1. Introduction.

With enhancement of technological processes intensity, requirements to improvement of instrumentation and equipment service durability and reliability, determined mostly by structural materials application, become stricter. High-alloyed steels and alloys with high corrosion resistance are of the most interest. Susceptibility to local corrosion in oxidizing media: intergranular corrosion (IGC) – in areas exposed to heating to 450^?? at welding and thermal treatment, knife-line corrosion – in the near-weld zones of welded joints, corrosion cracking – in the strained areas of structures, is the disadvantage of these steels and alloys.

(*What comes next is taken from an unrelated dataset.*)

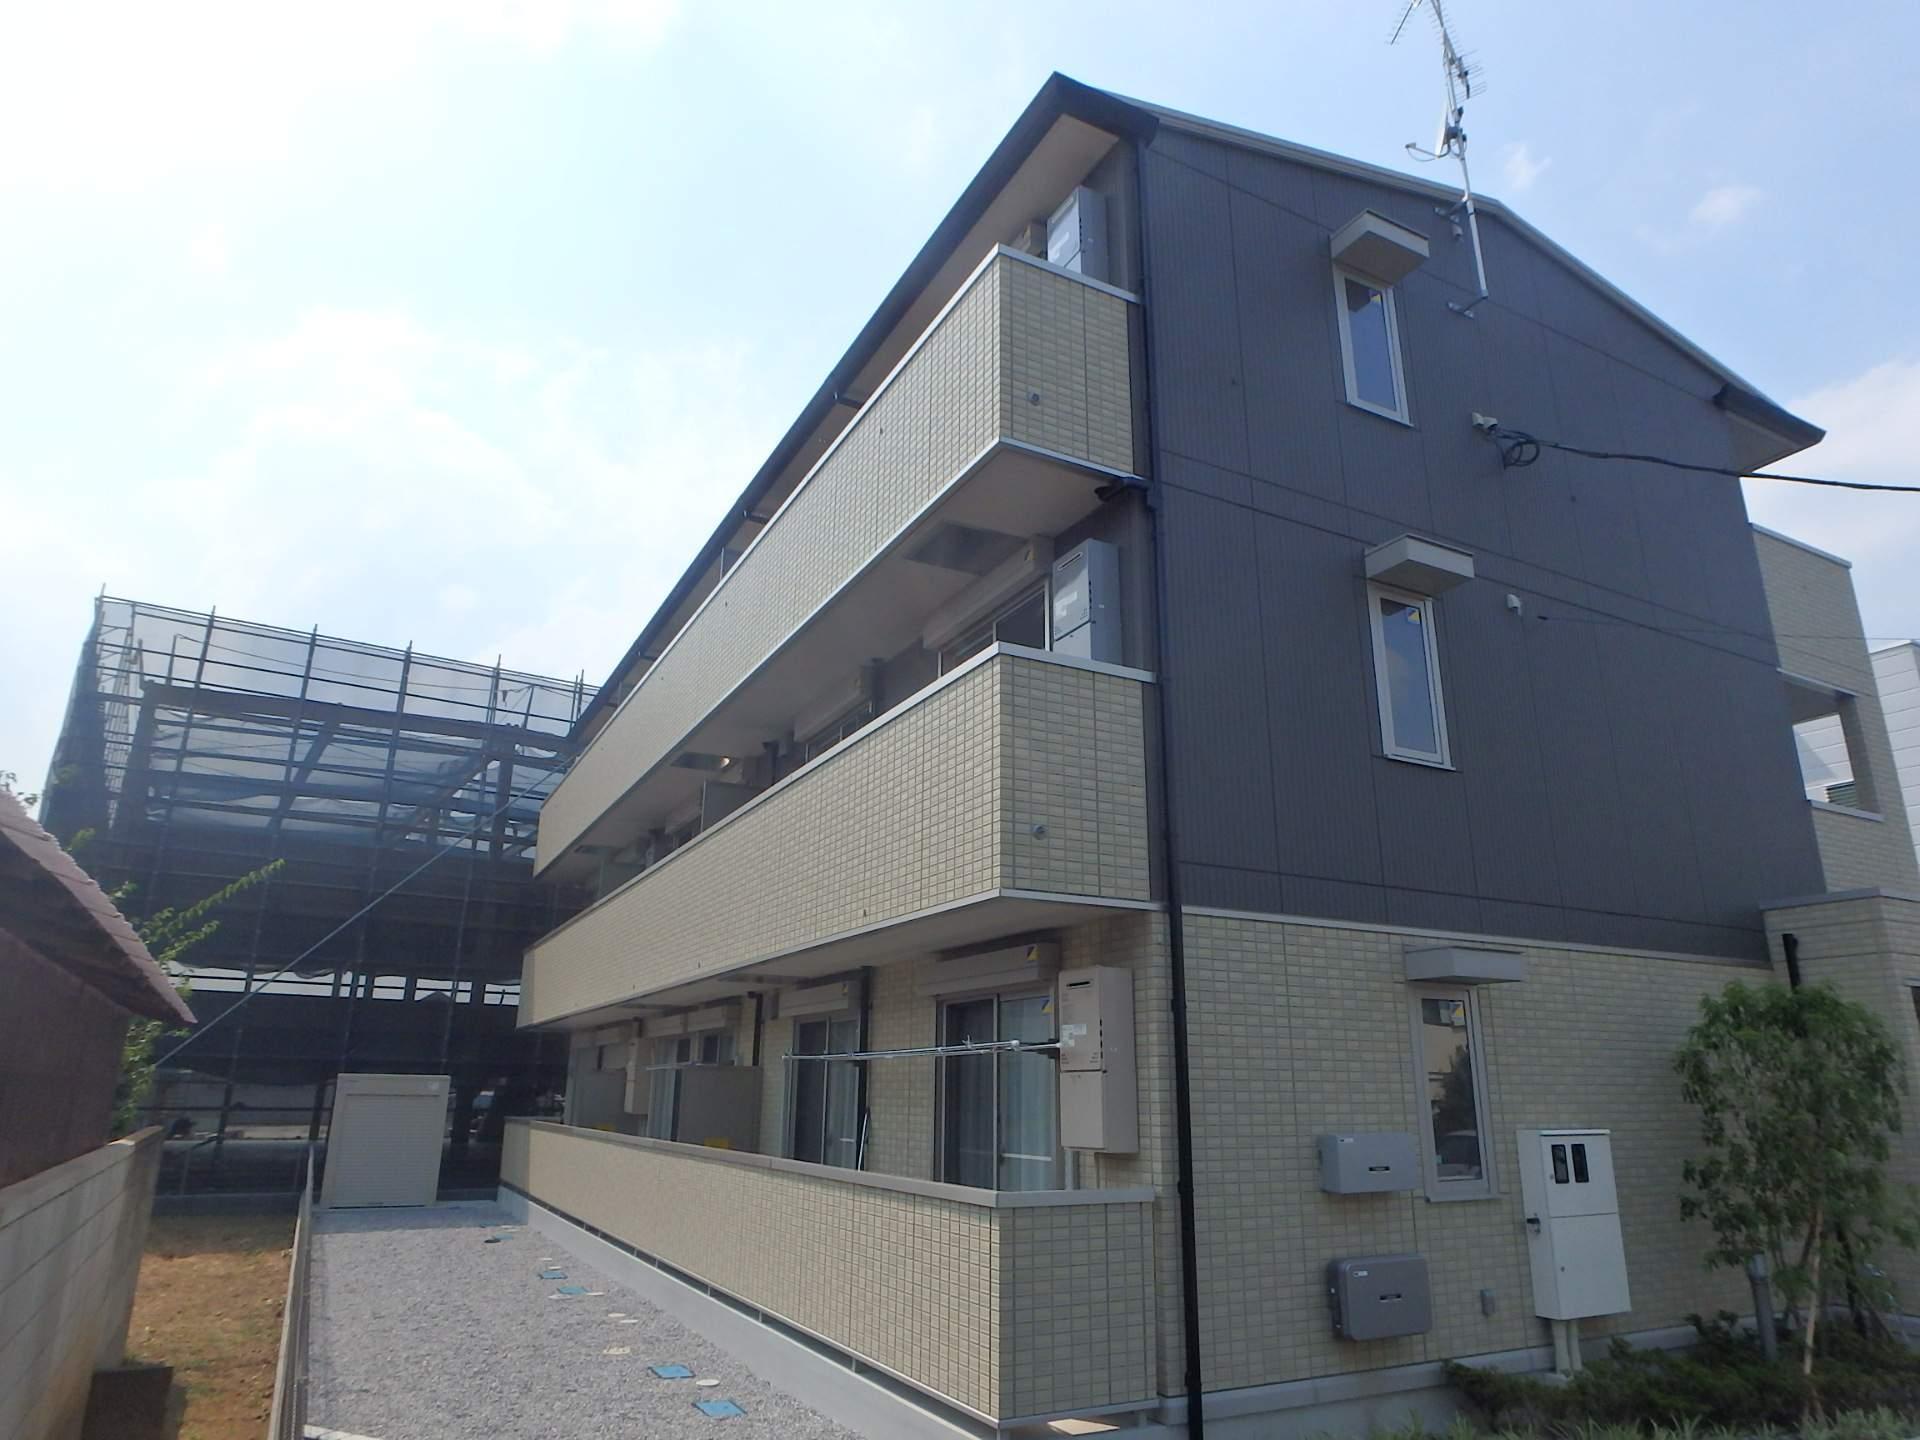 埼玉県川口市、南鳩ヶ谷駅徒歩16分の築1年 3階建の賃貸アパート

Large volumes of XH28MDT-type alloys are used as a structural material for a number of rather corrosive media encountered at production of complex mineral fertilizers, sulphuric, phosphoric acids, etc. Among the range of alloys developed for sulphuric acid hot solutions (Table 1), the alloy 03XH28MDT is the most corrosion-resistant and recommended for the sulphuric acid of any concentration at the temperature not exceeding 80^??.

Table 1

Structural materials for oxidizing media

However, even at a very low carbon content (0,02%) such type alloys at certain conditions disclose susceptibility to IGC. Metal exposure in the critical temperature interval region over 3-10 minutes, depending on the quenching temperature, may alone cause development of this type of corrosion in operating conditions. Rising of the quenching temperature to 1300^?? results in reduction of resistance to IGC. The XH28MDT-type alloys reduced resistance to IGC in a number of media is explained not only by the high nickel contents, improving carbon’s thermodynamic activity rating in the solid solution, but also by unstable titanium carbides passing into the solid solution at welding [2].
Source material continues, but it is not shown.